Sefni, as a Householder, doesn't normally handle money, so her grasp of economics is fairly weak.

Sefni shrugs.

Sefni: For me, to know that my children will live and never kill, that no Sime will kill, no child is murdered, this is worth a great deal. Perhaps it is not so for you.

Ezeekel: It's worth something, but not everything.

Sefni can see that it's not likely anything she says will change the Gen's beliefs. She hopes there are others who see things differently.

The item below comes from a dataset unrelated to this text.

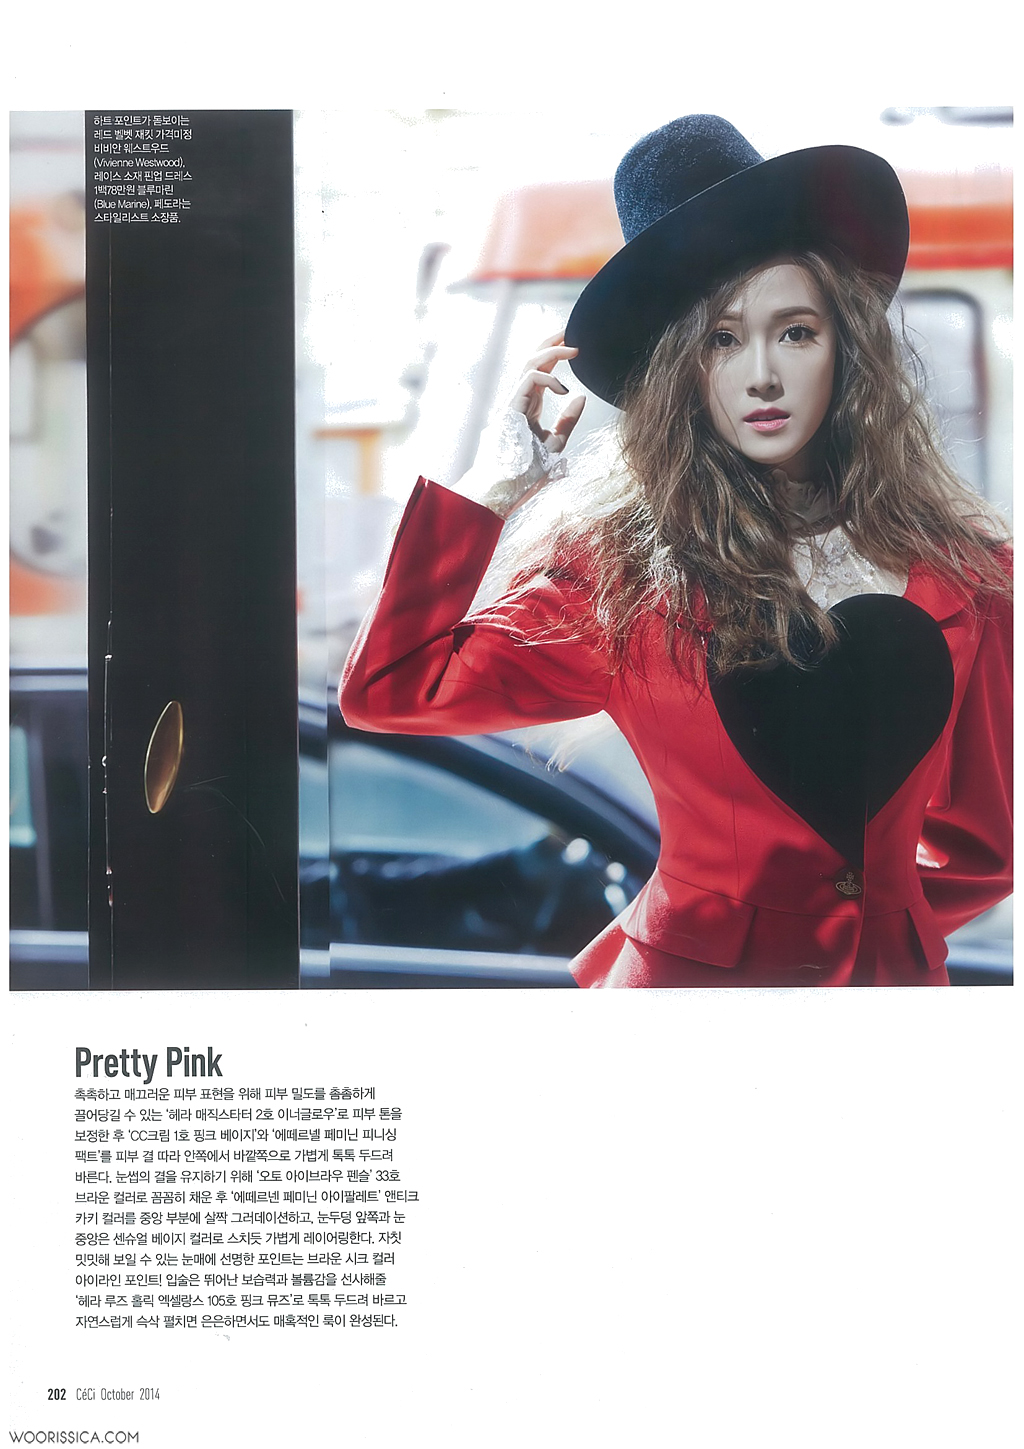 [PIC][17-09-2014]Jessica xuất hiện trên ấn phẩm tháng 10 của tạp chí "CECI" 22232034541AAC171151E5

Sefni: Sir, now I must go and make ready to search again. I hope there will be people to rescue. Please have more tea and food, and stay here to be warm as long as you like.

Ezeekel nods.

Ezeekel: Thank you for your hospitality, Ma'am.

Sefni: You are welcome.

Sefni walks off briskly, preparing herself to face the uncontrolled hostility, fear, hope, anger and pain of the Gens she will meet.

Ezeekel takes one last sip of the tea, letting it warm him.

Ezeekel never thought to find himself sharing a hay barn with a bunch of Simes, but he didn't think there would be an earthquake here, either. He's pretty sure he's not in immediate physical danger here, but that doesn't eliminate the threat that the Sime's Tecton represents to the independent Gen way of life.

Ezeekel found last night's conversation with the young man deeply disturbing, as it showed how completely living among Simes can twist a person's priorities. He thinks Gen society's priorities should remain firmly fixed on what's best for Gens; the Simes have their own lands in which to set their own priorities.